An appeal was taken from this refusal, and carried before the appeal court, sitting at Columbia, the capital of the State.  How was this treated?  Without enlisting common respect, it sustained the opinion of Judge Withers, who was one of its constituted members.  Under such a state of things, where all the avenues to right and justice were clogged by a popular will that set itself above law or justice, where is the unprejudiced mind that will charge improper motives in asking justice of the highest judicial tribunal in the country.

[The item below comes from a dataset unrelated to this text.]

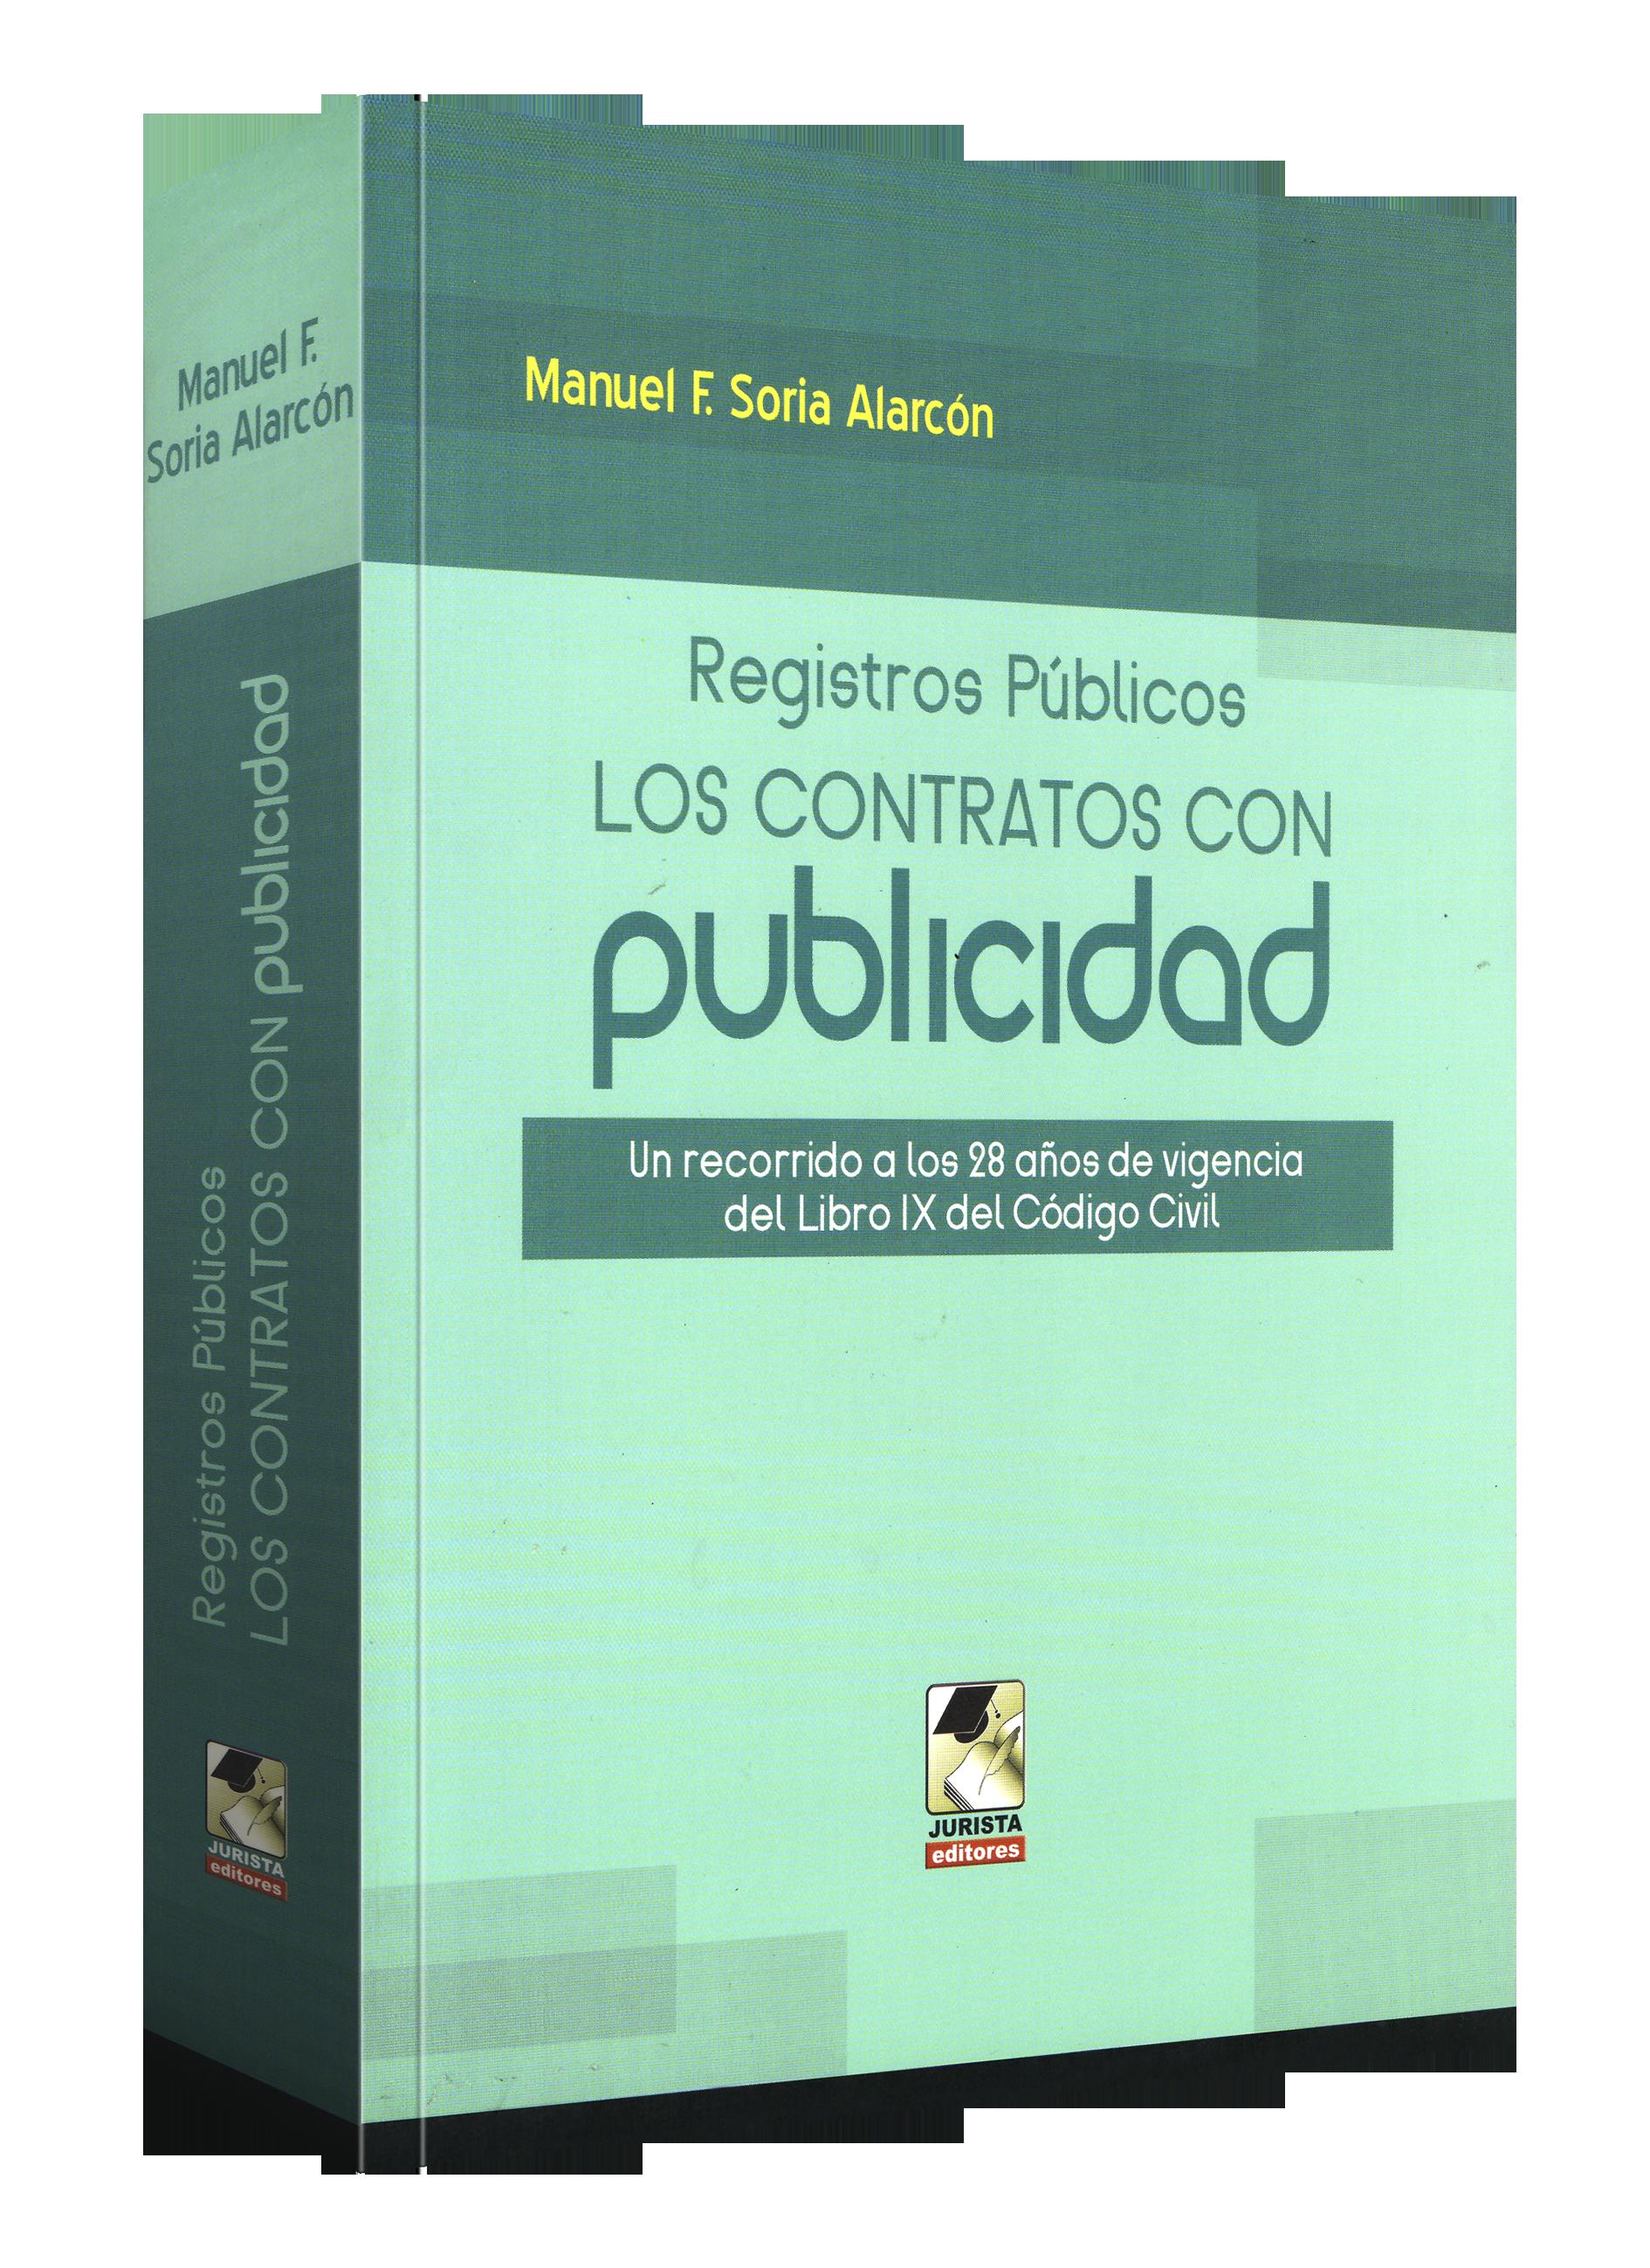 Registros Públicos Los Contratos Con publicidad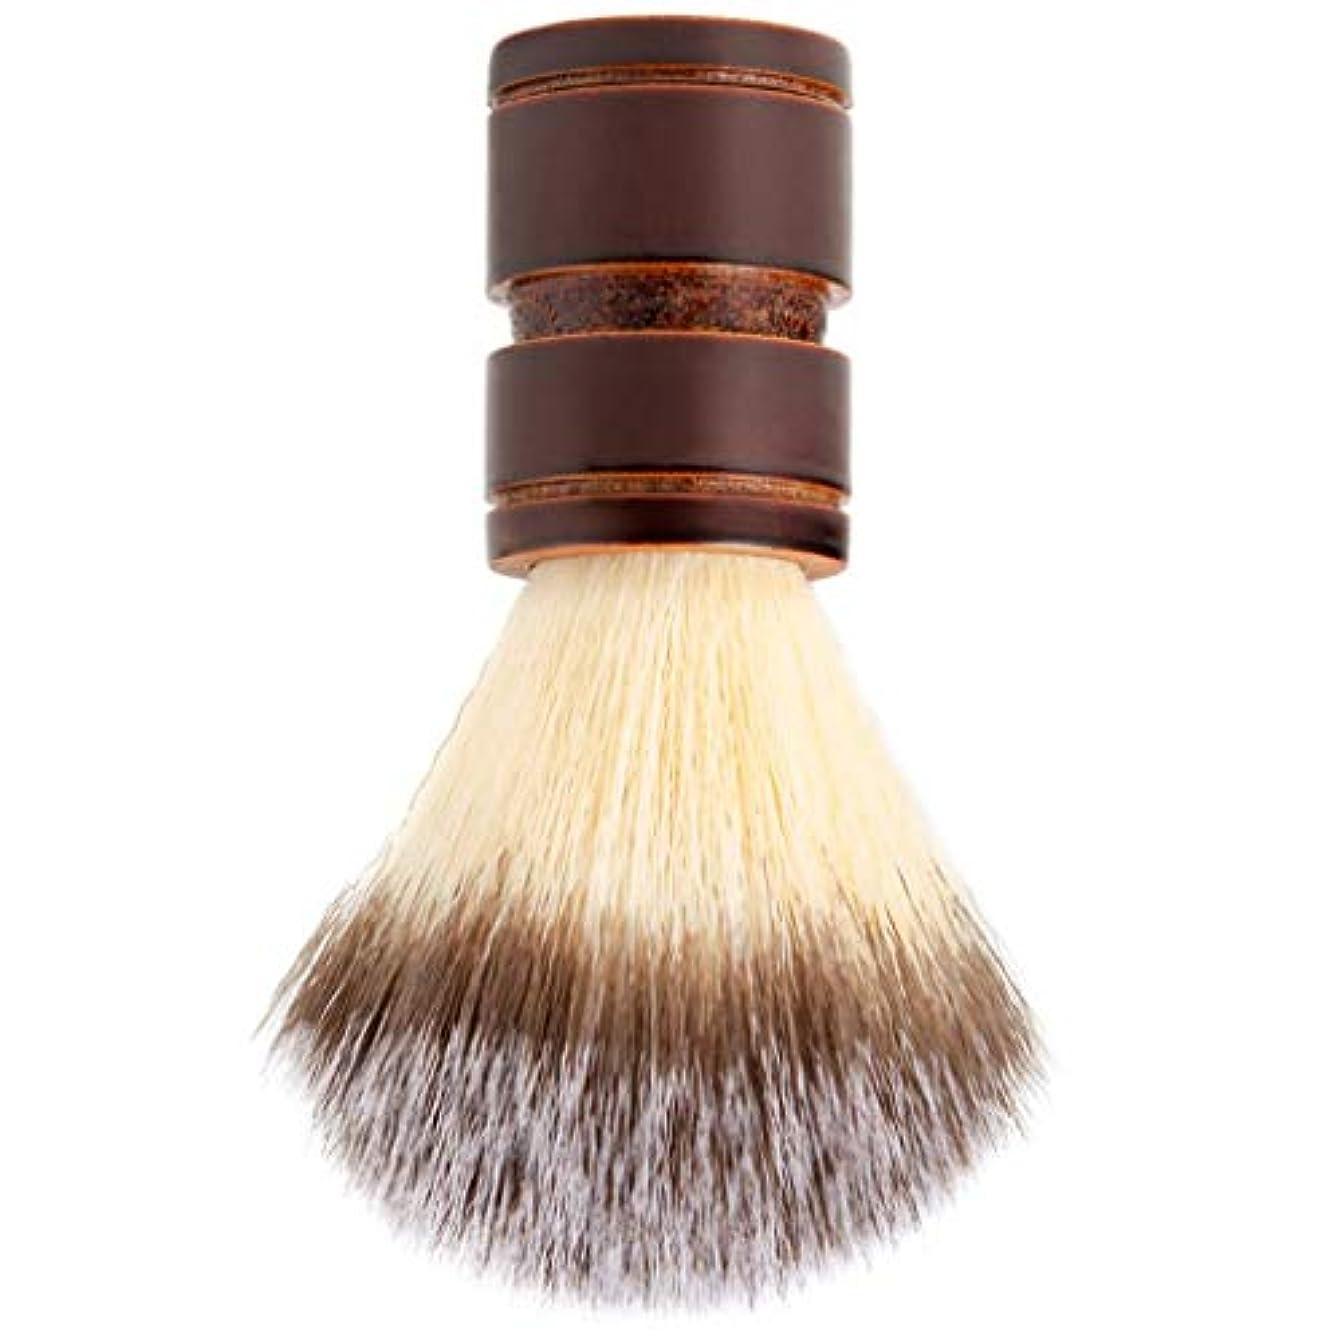 視力メロン把握ひげブラシ メンズ シェービングブラシ 毛髭ブラシ 髭剃り ポータブル ひげ剃り 美容ツール

In the year 1445, a petition was presented, or entered on the rolls of the British Parliament, from the commons of two neighboring counties, praying the abatement of a nuisance which promised fearful interruptions to the peace and quiet of their hamlets, in consequence of the number of attorneys having increased from eight to twenty-four, setting forth that attorneys were dangerous to the peace and happiness of a community, and praying that there should be no more than six attorneys for each county.  The king granted the petition, adding a clause which left it subject to the approval of the judges.  Time works mighty contrasts.  If those peaceable old commoners could have seen a picture of the nineteenth century, with its judiciary dotted upon the surface, they would certainly have put the world down as a very unhappy place.  The people of Charleston might now inquire why they have so much law and so little justice?

CHAPTER XXVIII.

The captain’s departure and Manuel’s release.

After remaining nearly three weeks in close confinement in a cell on the third story, Manuel was allowed to come down and resume his position among the stewards, in the “steward’s cell.”  There was a sad change of faces.  But one of those he left was there; and he, poor fellow, was so changed as to be but a wreck of what he was when Manuel was confined in the cell.